TAI #173: OpenAI's DevDay Deluge: Sora 2, AgentKit, and an App Store Reboot
Also, Thinking Machines Tinker for Fine-Tuning, Deepseek V3.2, GLM-4.6, ChatGPT hits 800 million users & more
What happened this week in AI by Louie
This week was dominated by a deluge of product releases from OpenAI, culminating in its 2025 DevDay. The first big splash came with the release of Sora 2, which quickly captured viral attention. While it has different strengths and weaknesses compared to Google’s Veo 3, OpenAI’s new video model is even more affordable and now also includes native audio generation. However, the main event was DevDay, where OpenAI unveiled a suite of new tools aimed at building a full-fledged ecosystem around its models, including a visual agent builder and a reboot of its platform strategy for ChatGPT.

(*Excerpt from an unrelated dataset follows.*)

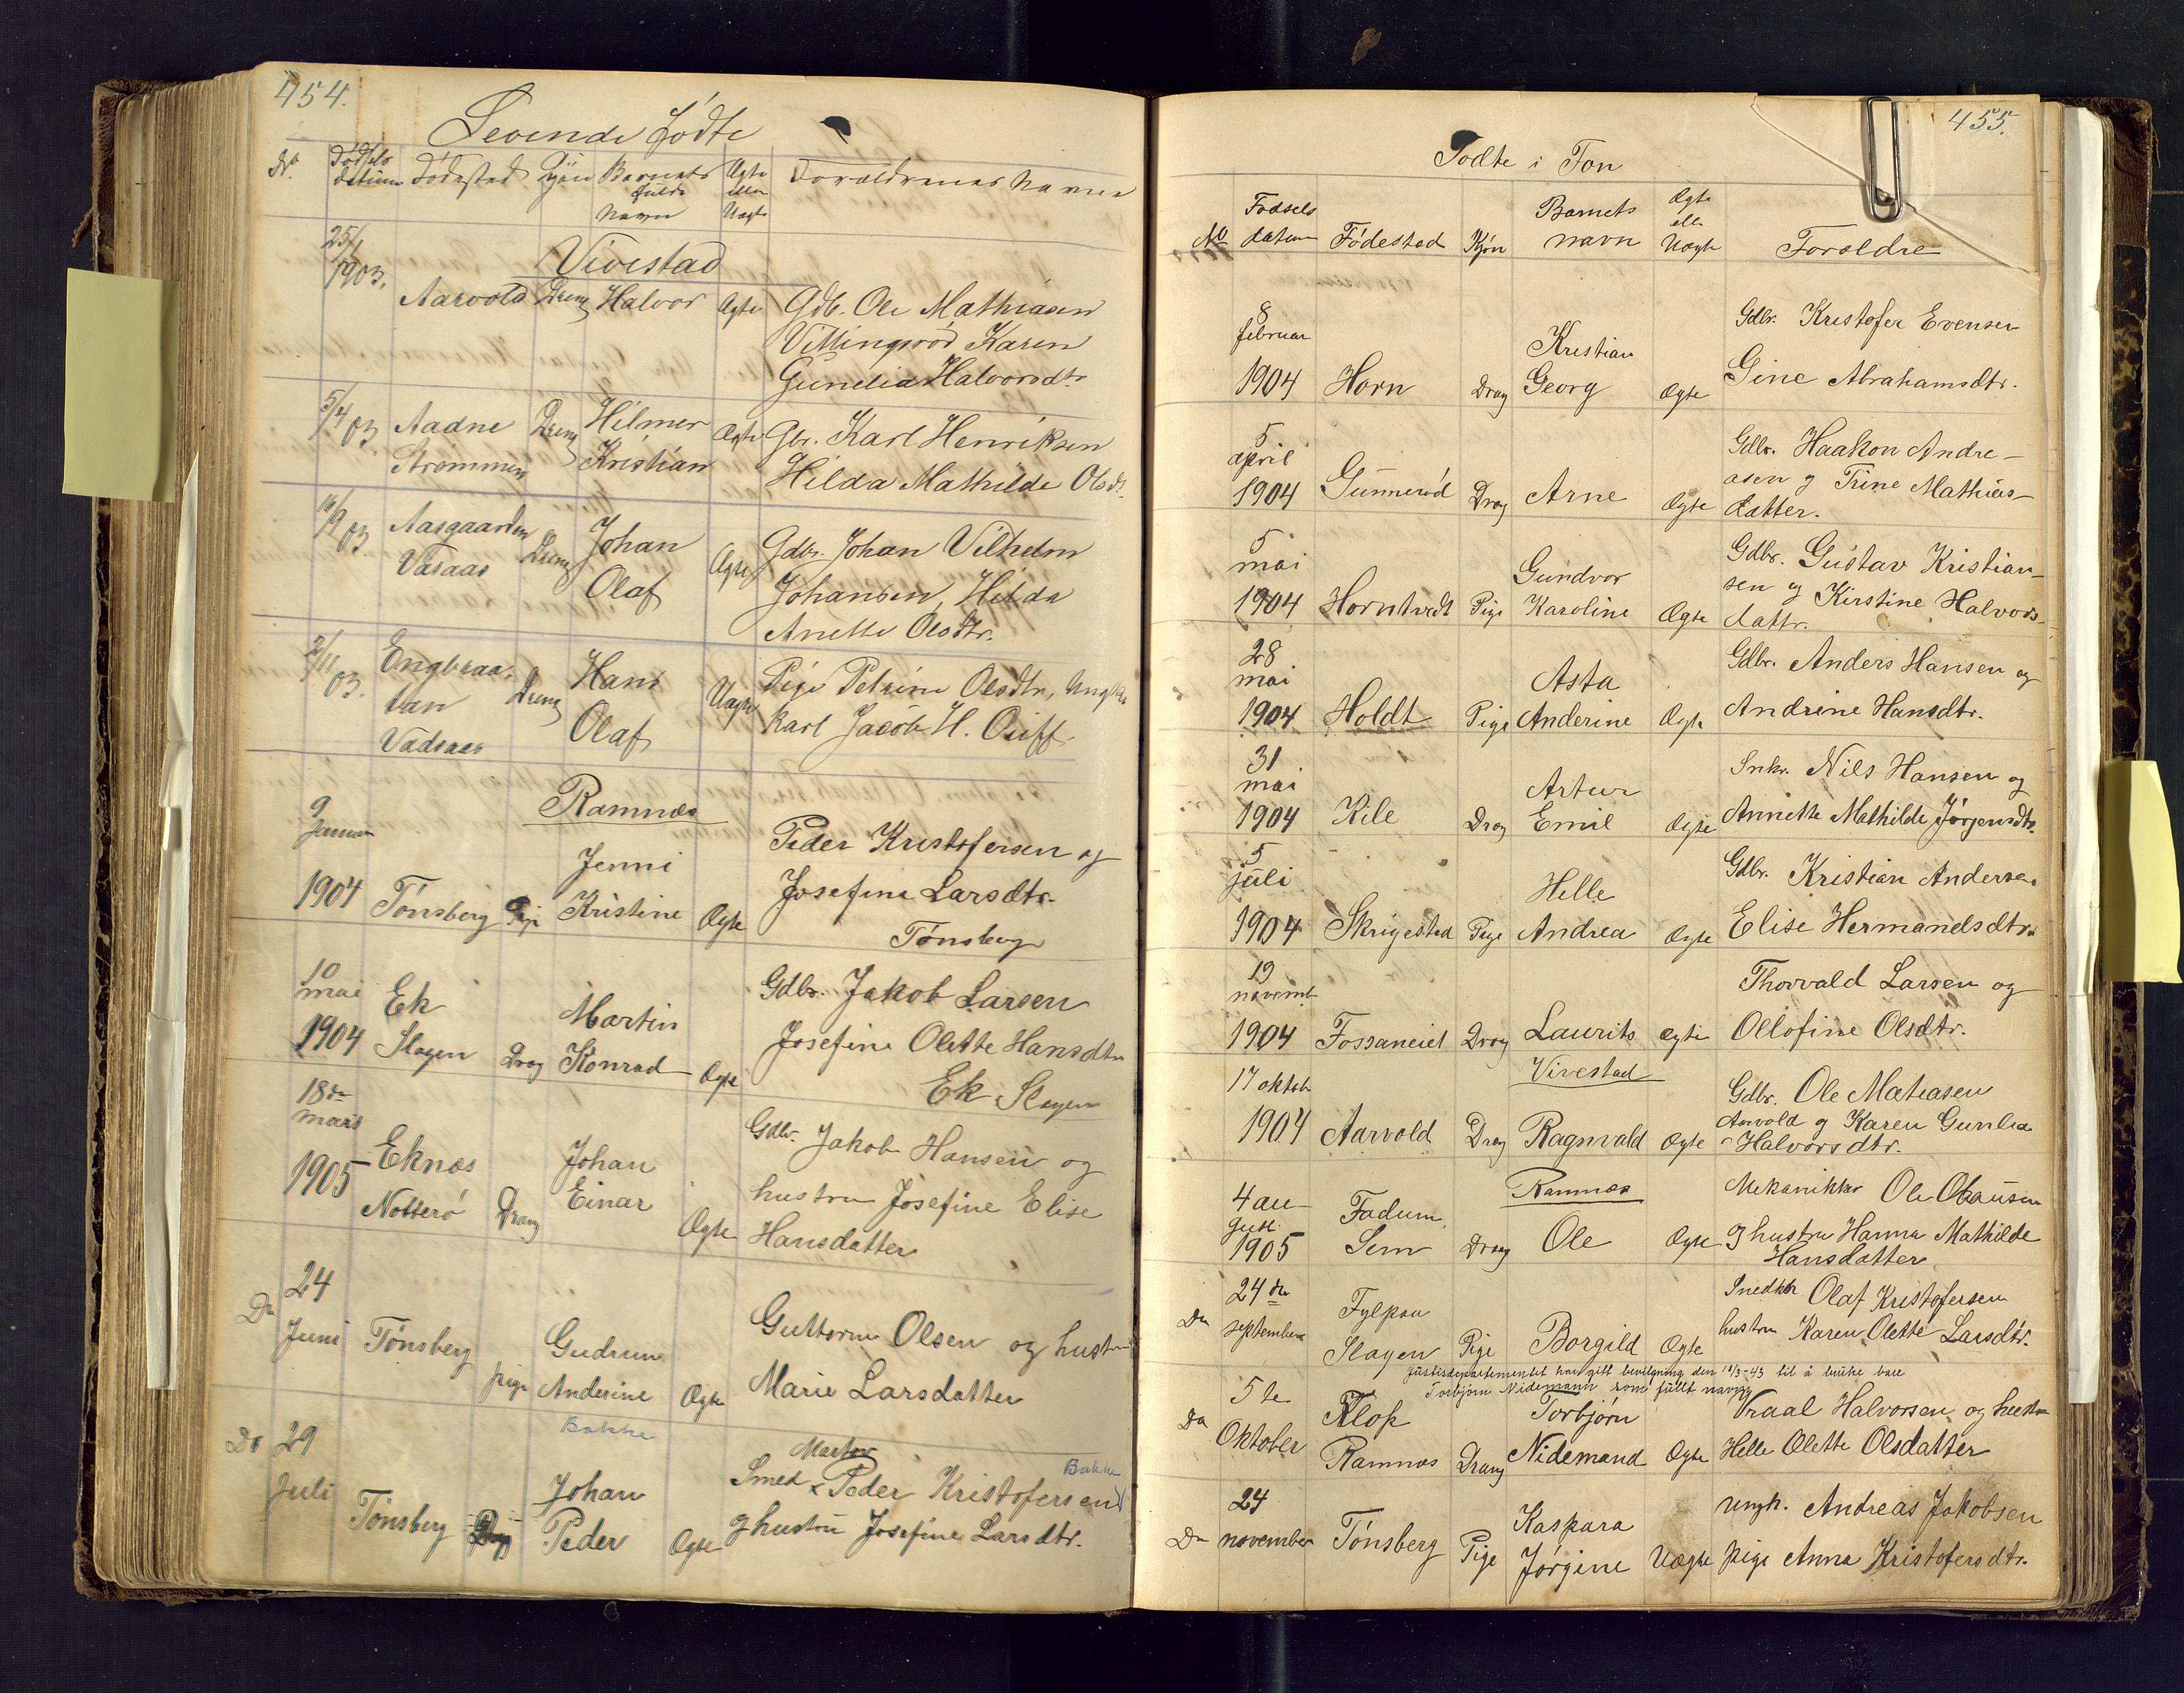 SAKO, Den evangelisk lutherske frimenighet i Jarlsbergs grevskap med flere steder, F/Fa/L0001: Dissenter register no. Fa/L0001, 1872-1925, p. 454-455

OpenAI has a mixed record with product releases — the GPT Store, for instance, never quite gained the momentum many expected — so it’s hard to tell which of these new offerings will catch on. The scale of ambition is undeniable, however, underscored by new metrics revealed on DevDay: ChatGPT now has an incredible 800 million weekly active users, 4 million people are building with the API, and the API platform is processing 6 billion tokens per minute.
The new Sora 2 model, which OpenAI is positioning as the “GPT-3.5 moment for video,” demonstrates impressive progress in creating realistic, physically plausible video with integrated sound. The API offers a fast Sora-2 model for quick iteration and a higher-quality Sora-2 Pro for production work. Its pricing is aggressive, with the standard 720p model at just $0.10 per second — roughly four times cheaper than Google’s Veo 3 standard tier ($0.40/sec). This will undoubtedly accelerate the adoption of generative video in everything from memes to marketing to entertainment.

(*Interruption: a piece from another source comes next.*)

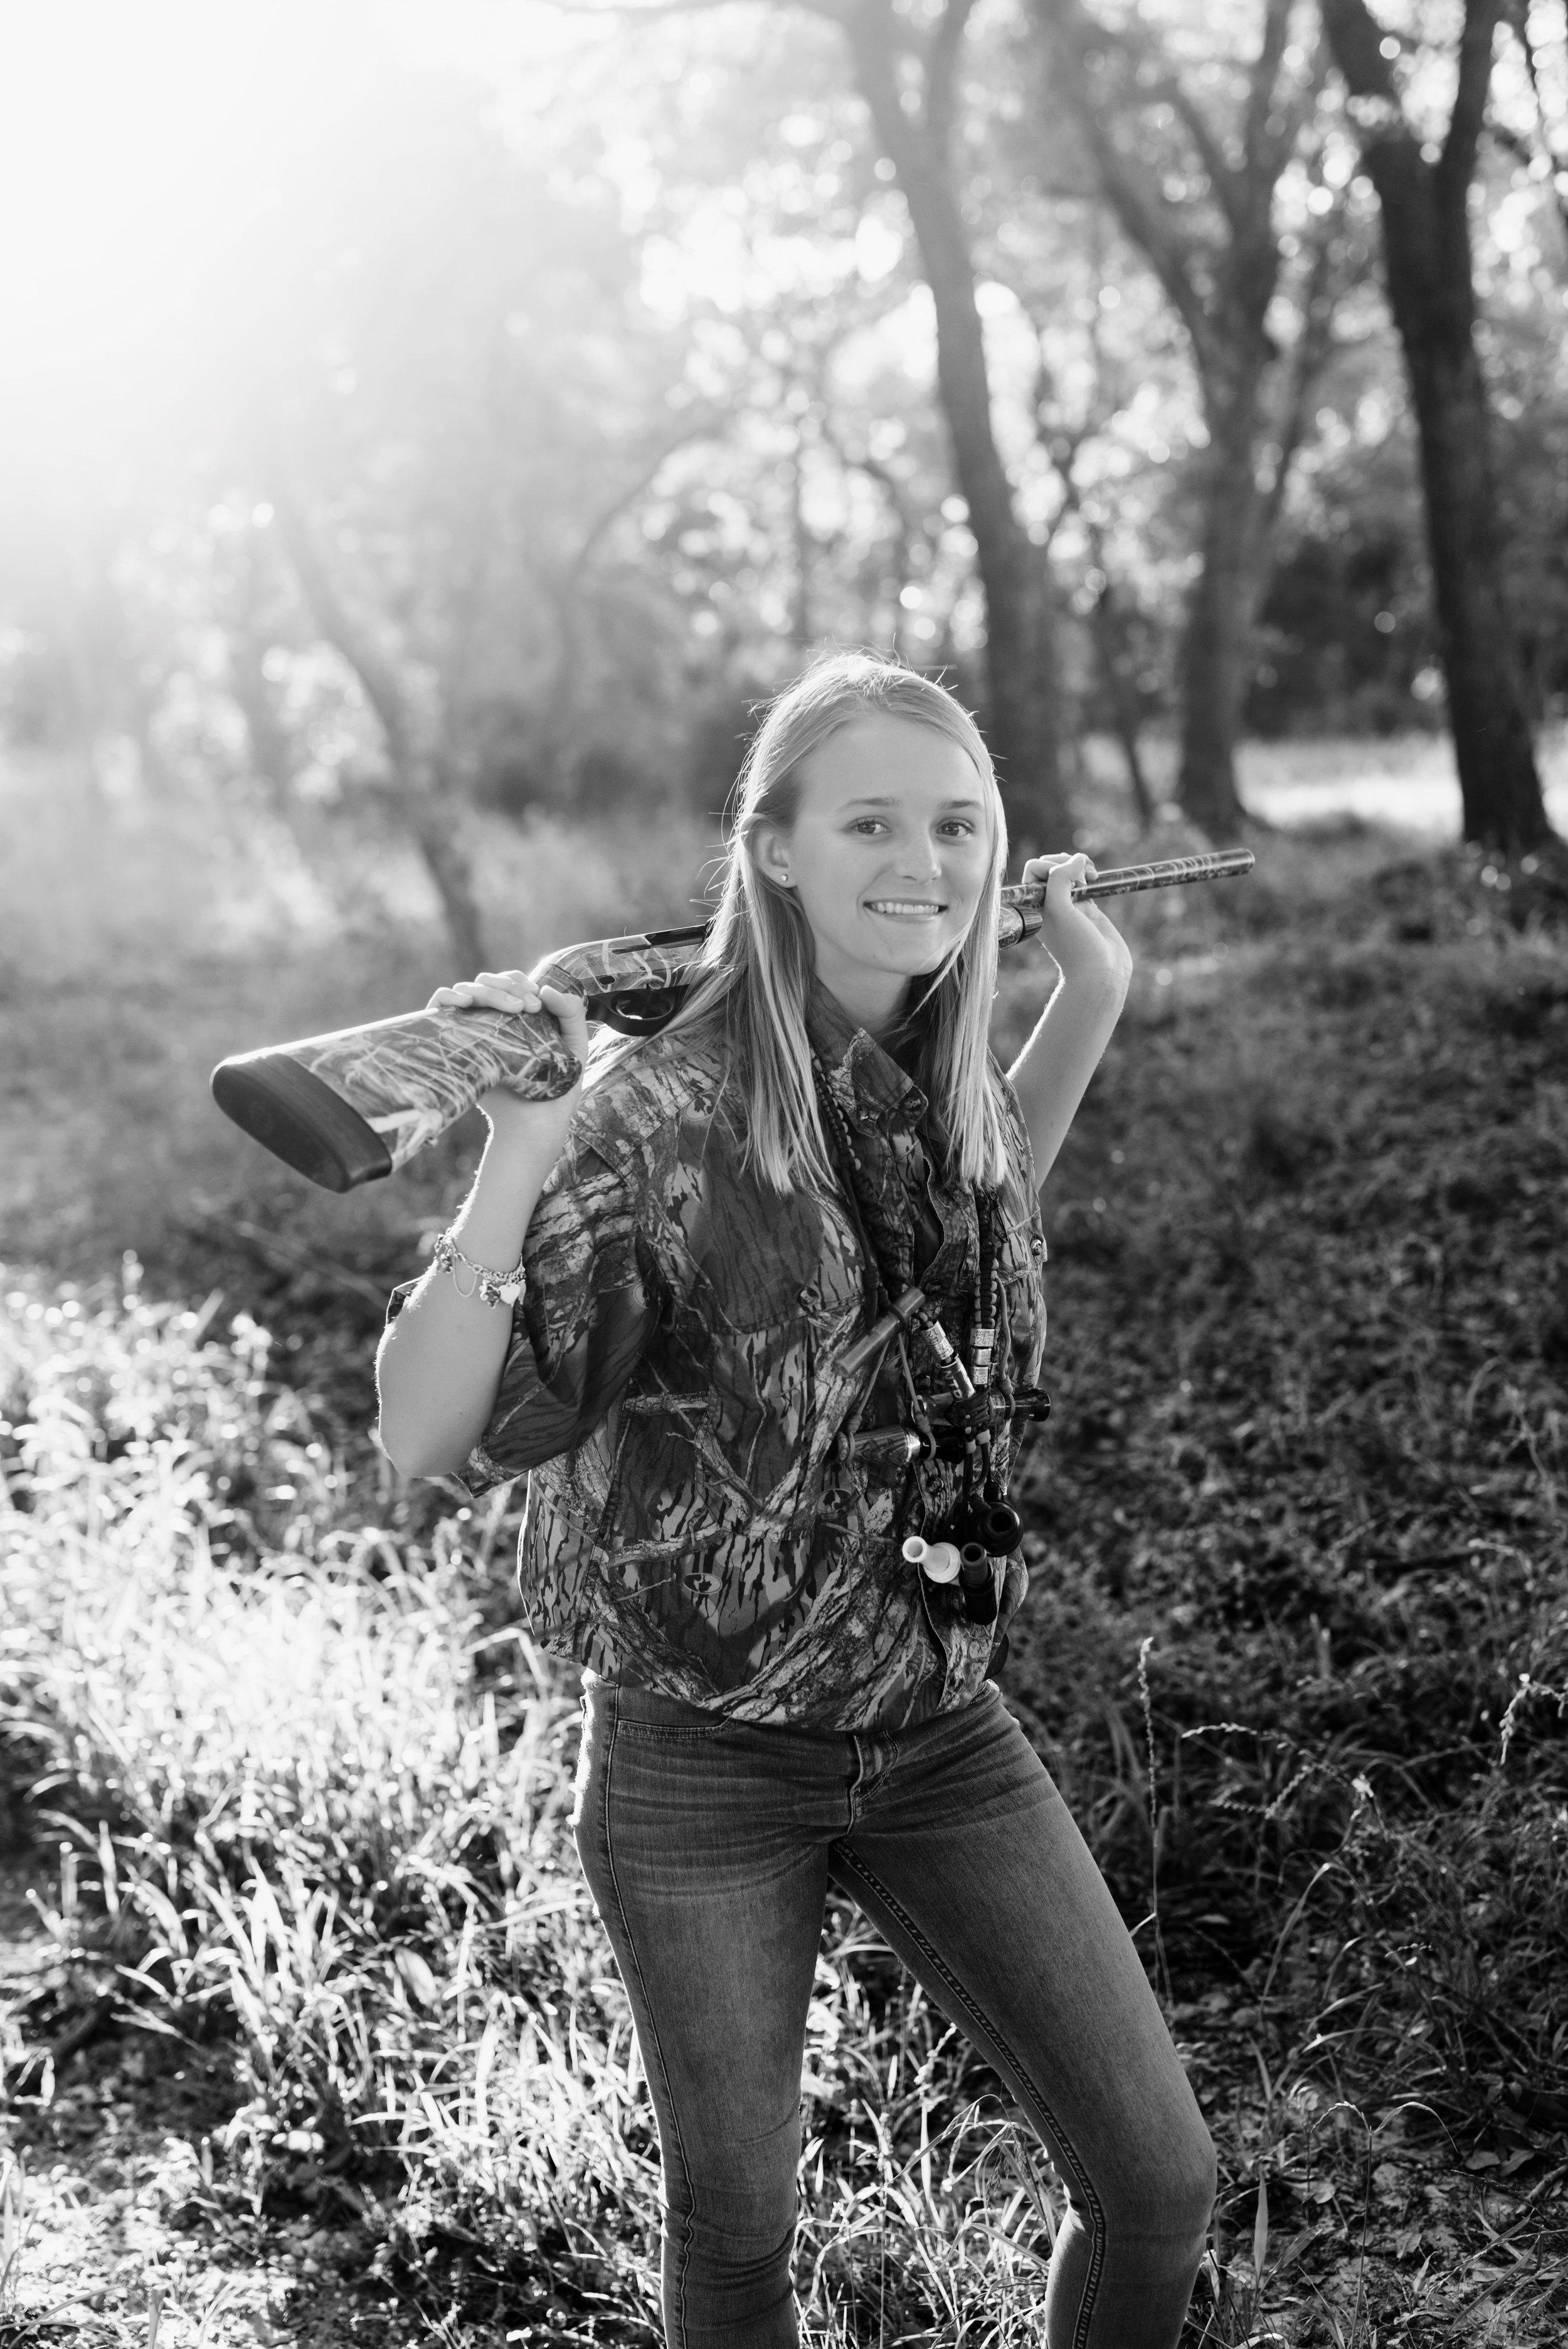 senior girl with gun photos

The bigger story from the week was OpenAI’s clear push to build the entire platform, not just the underlying models. DevDay introduced two pillars for this strategy. The first is AgentKit, a comprehensive toolkit featuring a visual, drag-and-drop “Agent Builder,” positioning it as a direct competitor to no-code orchestration platforms like n8n. The second, and perhaps more telling pillar, is a reboot of its app strategy with “Apps in ChatGPT.” Powered by an open-standard Apps SDK, it allows services like Spotify and Zillow to build interactive experiences directly into the chat interface, a fresh attempt at the conversational OS vision where the GPT Store fell short.

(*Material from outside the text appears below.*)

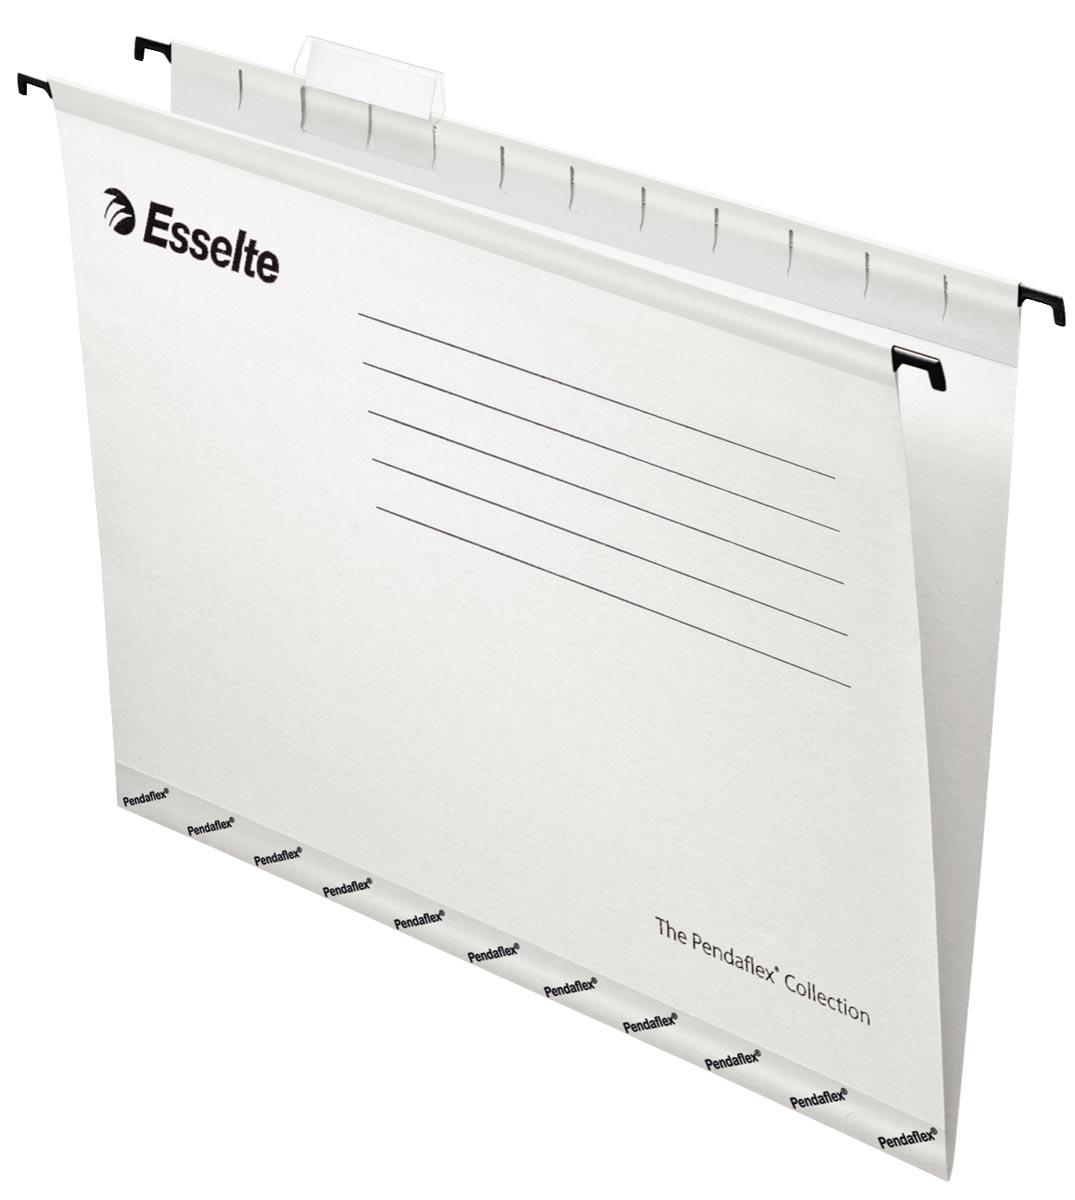 Esselte hangmappen voor laden Pendaflex Plus tussenafstand 330 mm, wit, doos van 25 stuks

Alongside these platform plays, OpenAI also rolled out a suite of new API models, giving developers more granular control over the cost-capability trade-off. This includes the high-end GPT-5 Pro, aimed at the most demanding reasoning tasks but at a very steep price ($15 per million input tokens, $120 per million output). I am now personally using GPT-5-Pro in ChatGPT for a large proportion of my most complex AI tasks, but this price point is quite prohibitive for integrating it into most of our AI agent and workflow development projects.
At the other end of the spectrum, new, highly efficient models like gpt-realtime-mini promise to make production voice agents far more economical, with audio processing costs roughly 70% lower than the full gpt-realtime model.
Why should you care?
Sam Altman has played his hand. With these new products, a clear platform ambition, and an aggressive expansion plan for 23 GW of AI data centers — worth around $1.1 trillion in capital expenditures, including a new deal with AMD — the strategy is clear. His bet is that scale, both of compute access and of active users and platform developers, is the only durable moat in the AI race. He hopes this will lead to the best models, the most inference capacity for advanced features, attract top AI talent (offering more GPUs per engineer), and the most vibrant development ecosystem. His broader internal target of 250GW by 2033, which would require over $10 trillion in capital expenditure, is a gauntlet thrown down. Now it’s Google, Amazon, Elon Musk, Mark Zuckerberg, Microsoft, and China’s turn to decide if they want to stay in the race.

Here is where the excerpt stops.